Talvez a culpa de tudo isto fosse aquele raio de sol que de súbito surgiu por entre as nuvens, para logo depois voltar a esconder-se por detrás de outra ainda mais escura, que anunciava chuva, de tal maneira que todas as coisas se tornaram ainda mais lúgubres e mais sombrias... Ou seria que os meus olhos divisaram o meu futuro e nele viram algo de árido e de triste, algo semelhante a mim, ao que sou agora, àquilo que serei dentro de quinze anos, neste mesmo quarto, igualmente só (p. 93).
Mas, nenhuma raiva se apodera dele. Ele perdoa Nástienhka. Deseja-lhe toda a felicidade proclamando:
Bendita sejas pelo instante de felicidade que tu deste a outro coração solitário e agradecido!

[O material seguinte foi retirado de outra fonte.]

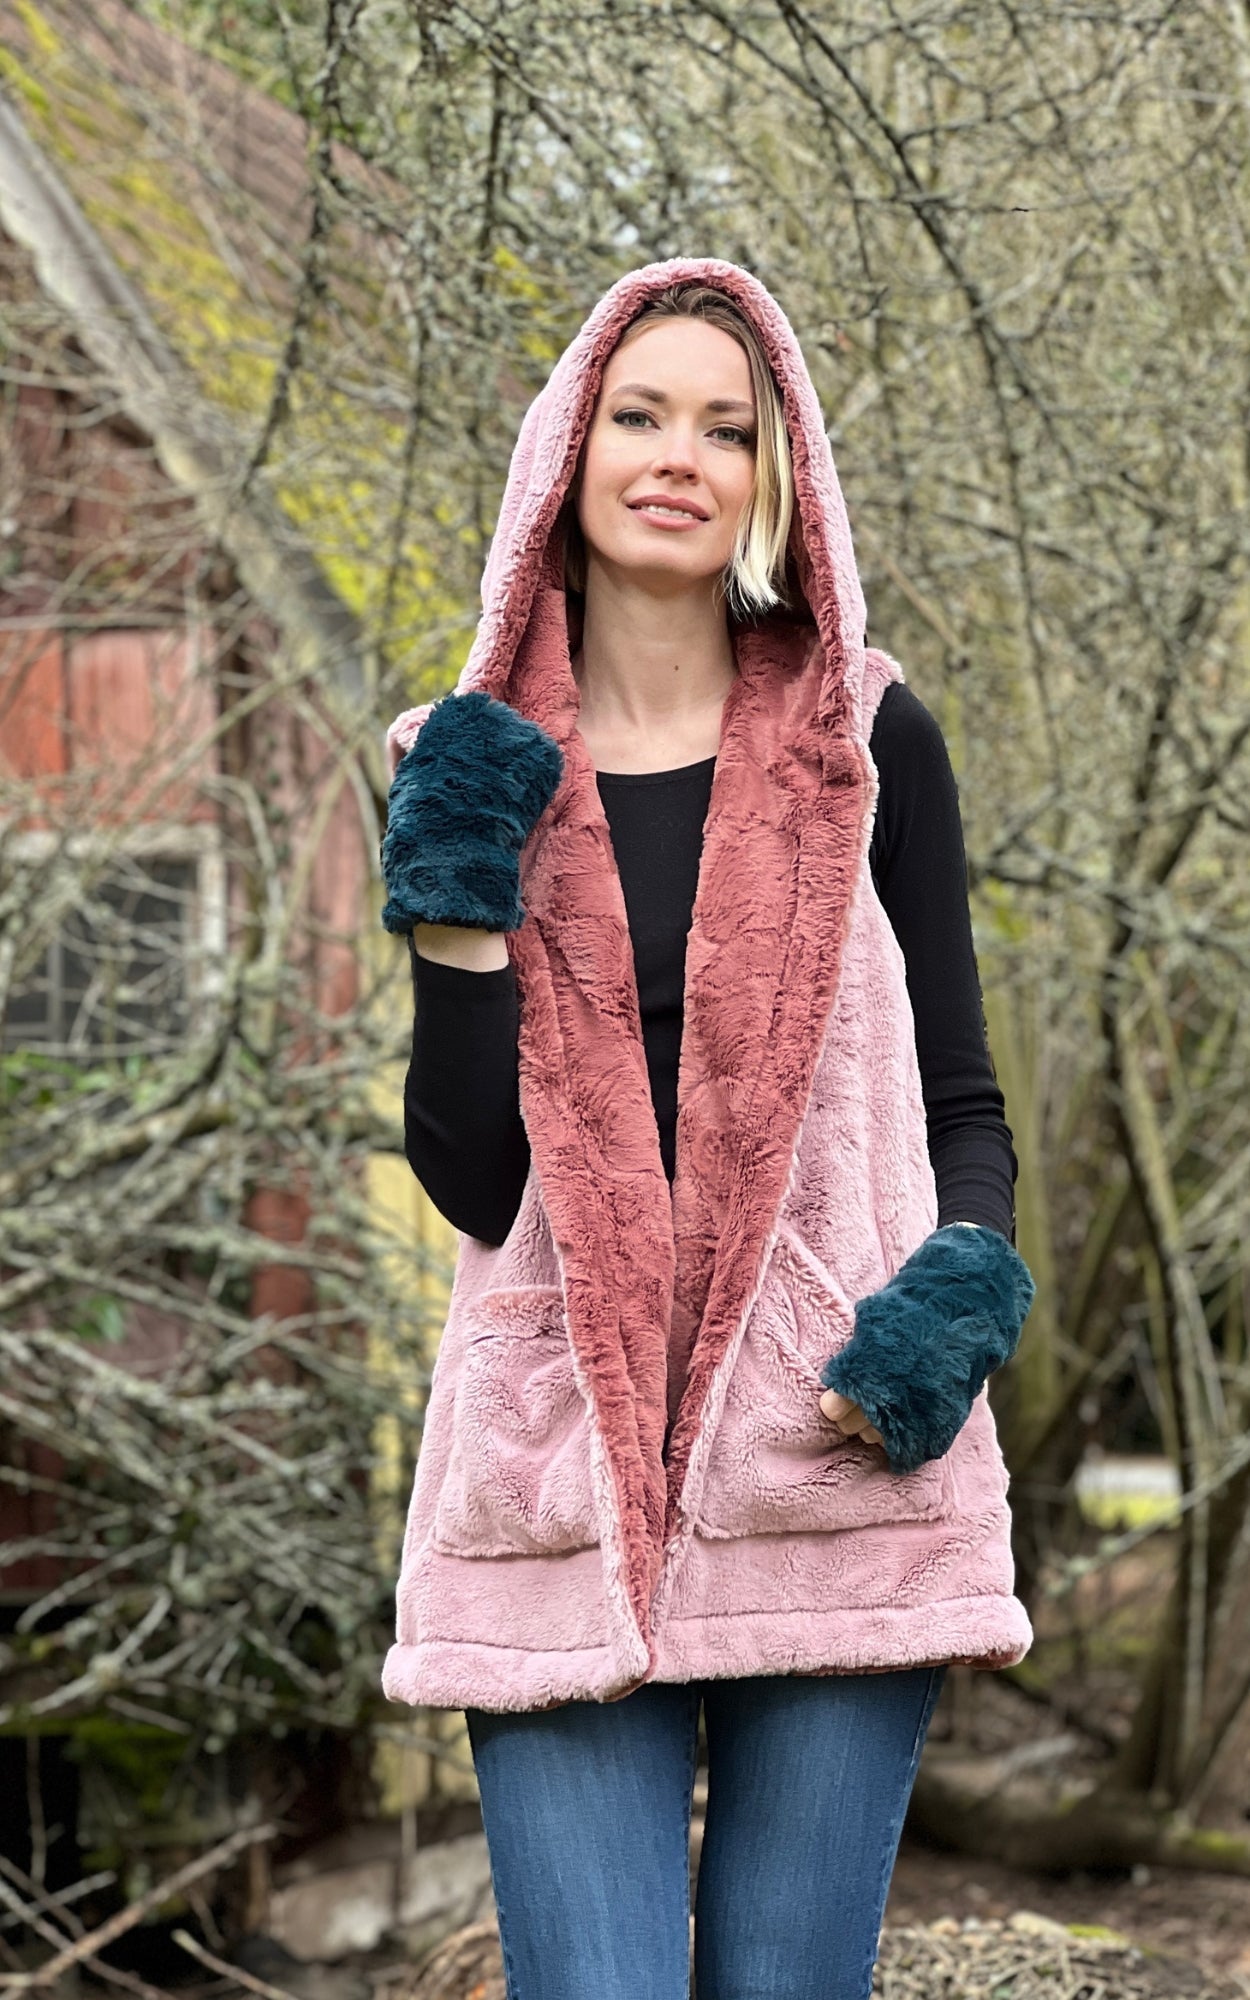 Woman wearing the Oversized Hooded Vest in Frosted Cedar with the reverse color Copper River faux furs. Also wearing faux fur fingerless gloves in Peacock Pond. Handmade in Pandemonium Seattle.

Meu Deus! Um momento de felicidade! Sim! Não será isso o bastante para preencher uma vida? (p. 94).
O pequeno romance é uma bela descrição não precisamente de um coração apaixonado, mas de um comportamento depressivo e seu olhar cinzento sobre a realidade. Com esta experiência de felicidade, vivida, por instantes, ao lado de Nástienhka, ele poderá agora, quem sabe, ter outras lembranças... e outras esperanças. Quem sabe poderá mudar seu olhar sobre a vida e enxergar, vez por outra, que os raios de luz podem ser raros, mas eles existem e dão um forte sentido à nossa existência.

Dostoiévski, nesse momento, está em busca de algo que lhe dê sentido à vida. Não custa lembrar que vinha de uma experiência amorosa desastrosa, além de estar às vésperas de ir à prisão. Um pequeno e belo texto. Se puder, veja também o filme de 1957, de Visconti.